I think that Schenker's own notion of "prolongation" is without much problem in Schenker's own terms – which must be read in the original German.

I've actually been thinking about this issue off and on for years.  My current best guess is that "prolongation" is an intentional, rather than a grammatical concept: to say "X prolongs Y" is (roughly speaking) to make an intentional claim about how the composer used X as a means of getting to (or doing) Y.  This contrasts with the formal or grammatical or descriptive concepts (e.g. "V7 chord") familiar from other regions of musical discourse.
To say that "X prolongs Y" fully contradicts Schenker's own description, in that is presupposes, as you say, that X preexists as "a means of getting to (or doing) Y". What is given is Y, at first a mere abstraction of a chord, a mere image of the series of harmonic partials. In order to become a musical chord, Y must be inscribed it time, "prolonged", which may be done by a mere arpeggiation – producing no subordinate chord. The prolongation, however, may involve filling in the "tonal space" (the empty intervals) of the initial chord and this, is special cases, may happen to produce a subordinate chord X. This X by no means is "doing Y"; it merely is a by-product of Y itself.
    I think that Roland Barthes' description of the construction of discourses proposes something similar, which I didn't reread recently enough to remind his own terms. A discourse is a succession of nodes, each of which may receive an ornamentation (I think his term is catalyse) which certainly smooths the succession and which possibly gives rise to secundary nodes. This also has to do with how a discourse can develop from a deep structure, in Shomsky's terms.
    Schenker's conception of the "tonal space" is developed in a text titled Erläuterungen, that he published twice in the last volumes of Der Tonwille and twice in the two first ones Das Meisterwerk in der Musik –  this fourfold publication might suffice to stress how important this short text was for him.

Prolongation indeed is intentional – not in the sense that the composer used X as a means to doing Y, but that Y served as a means to produce X. This is the intentionality of the work itself, not necessarily of the composer. And, obviously, Schenkerian analysis has nothing in common with a mere descriptive labeling of chords with roman numerals. I am not sure that this can be viewed in terms of intentionality vs grammaticality, as you suggest.
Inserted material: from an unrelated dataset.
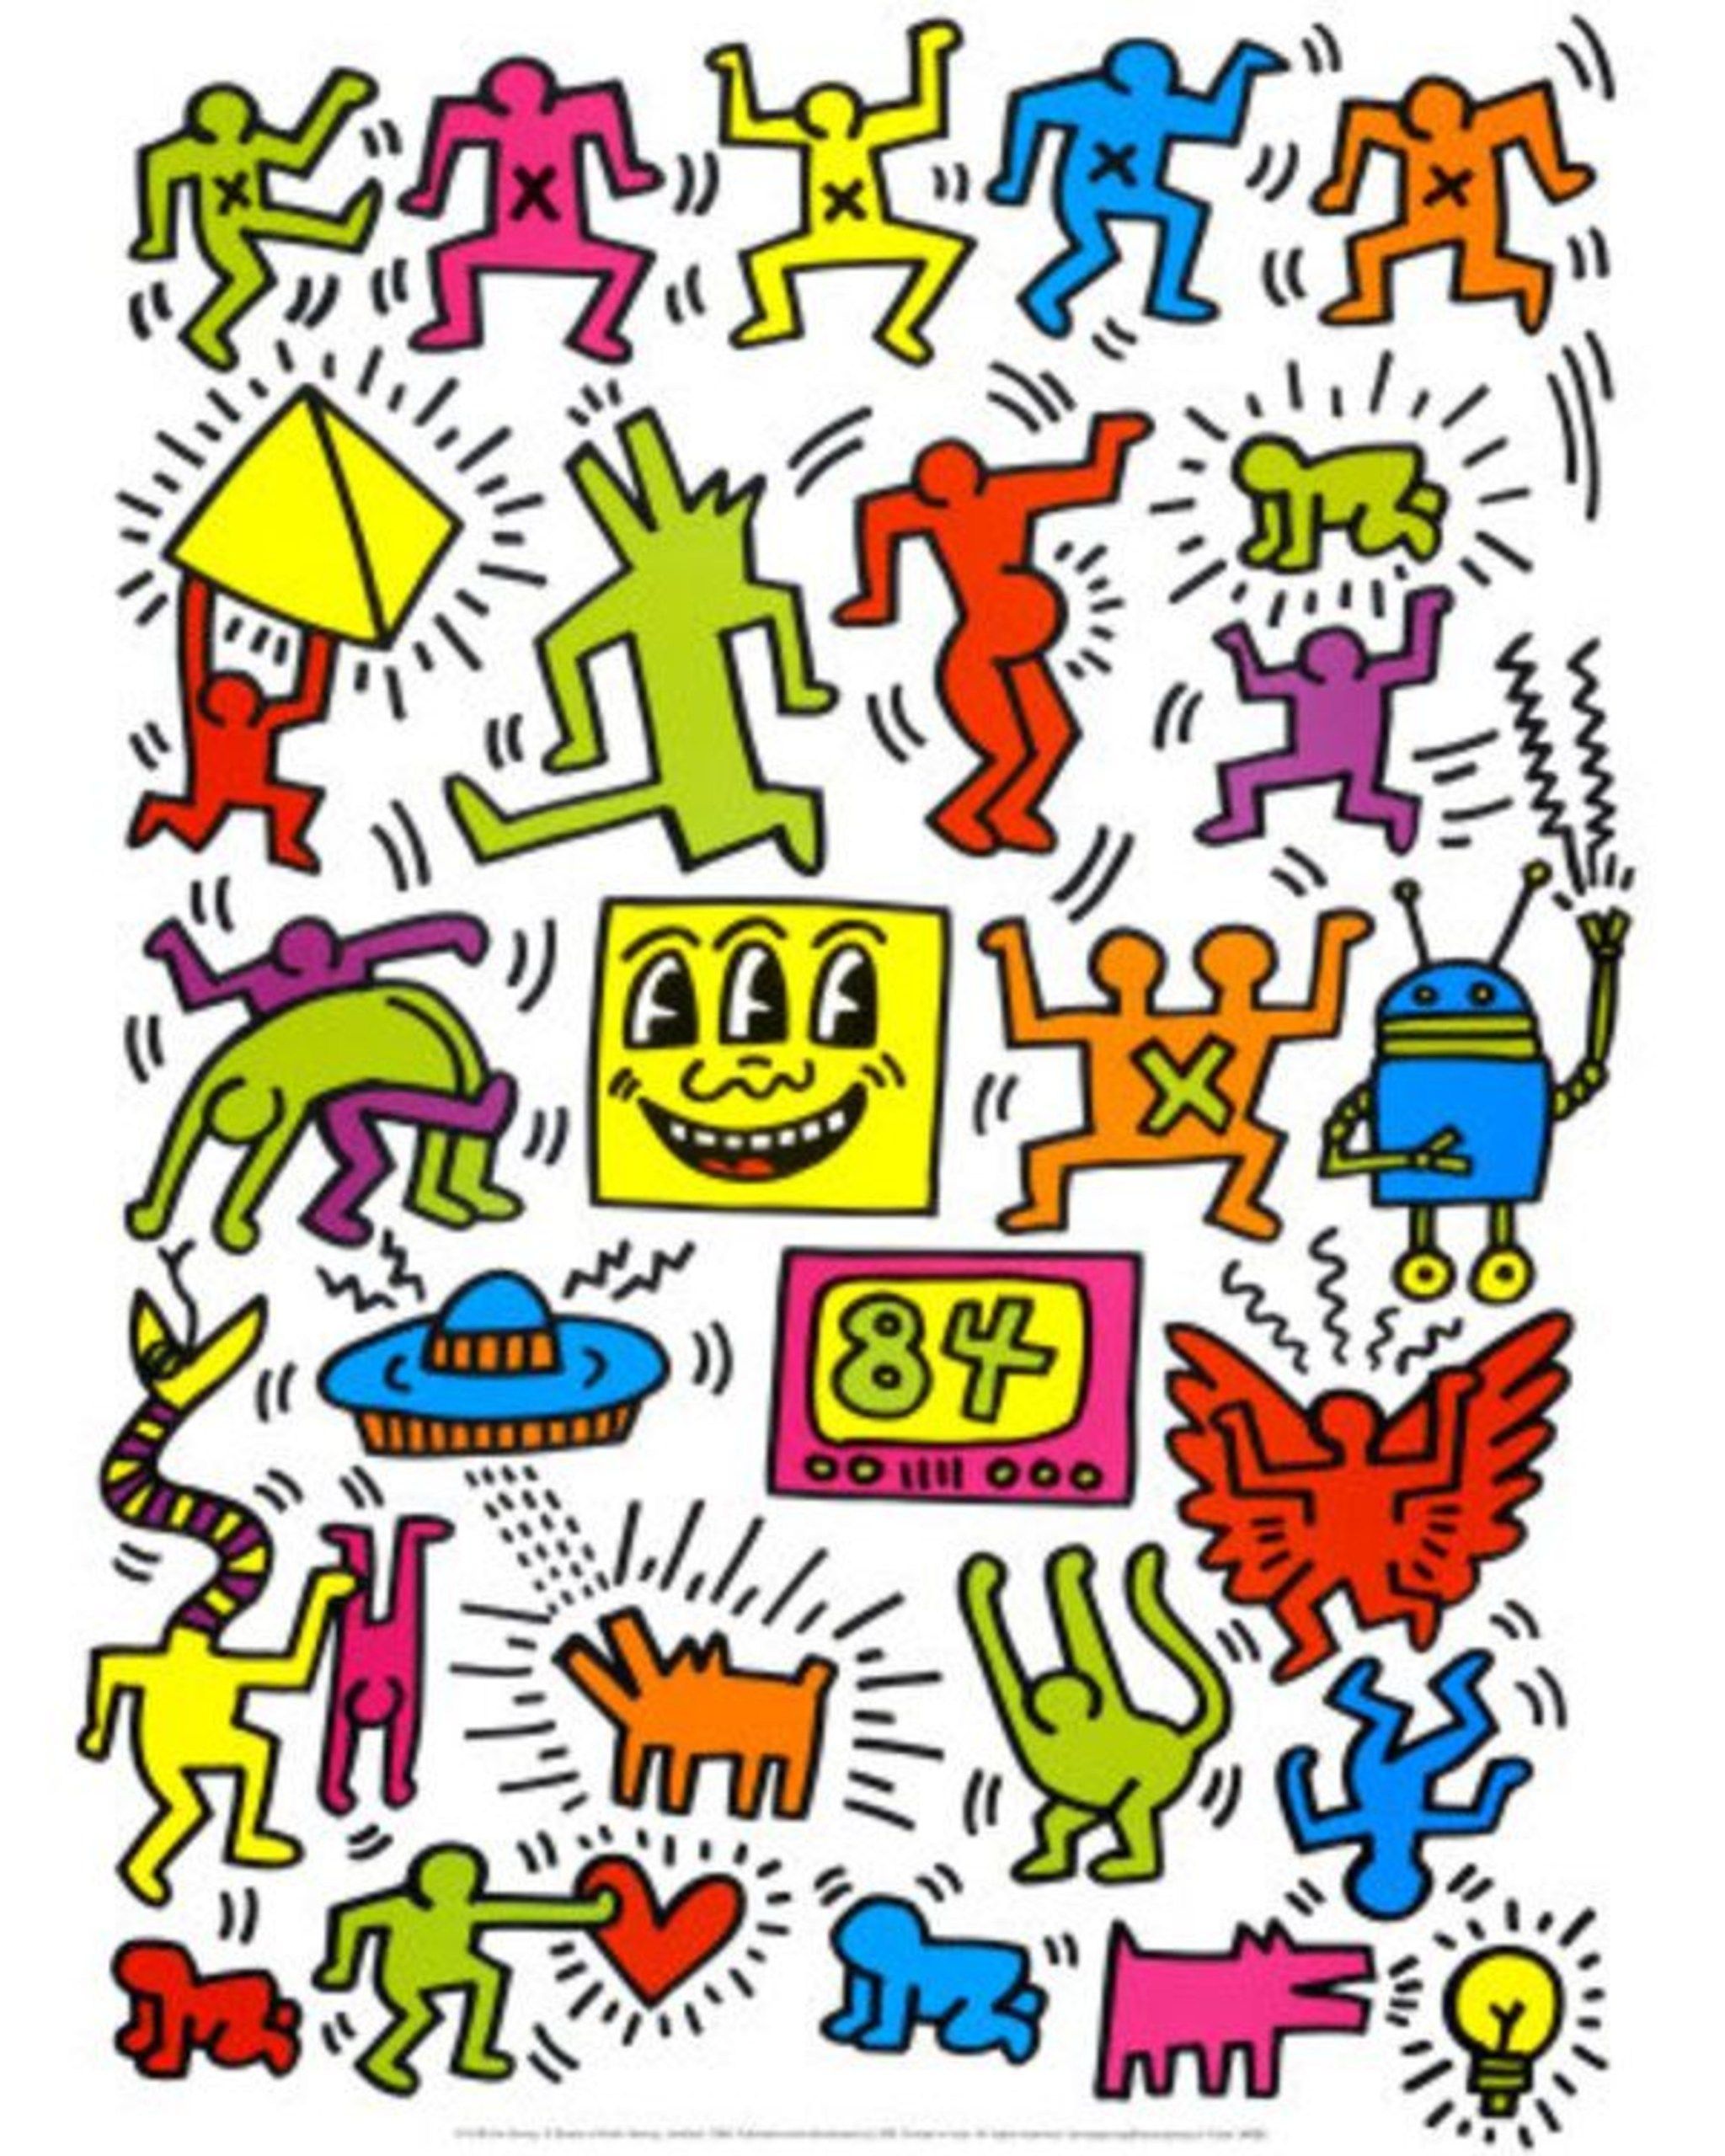 Keith Haring Wallpaperwallpaper.dog

Roman numeral analysis is lexical at best, and has little to say about grammar; I do not see how a grammar could be conceived without a level of intentionality.

Interestingly, my digression couldn't be included in a Wikipedia article, since it hasn't been published anywhere.  (Wikipedia has strict standards about avoiding "original" or "unpublished" research.)  But nor could Wikipedia include a simple, uncontroversial summary of what "prolongation" means, because we in the field don't really agree about the issue at all.  So about the best you could hope for is a survey of the various proposals that have been made, one that gets updated as the discussion proceeds.
Well, I would be tempted to consider that proposals based on Schenker's own writings should gain preeminence, at least in articles devoted to Schenkerian concepts (prolongation, as a concept, may have an existence as a non-Schenkerian, or post-Schenkerian, or neo-Schenkerian concept, but that is not my concern here).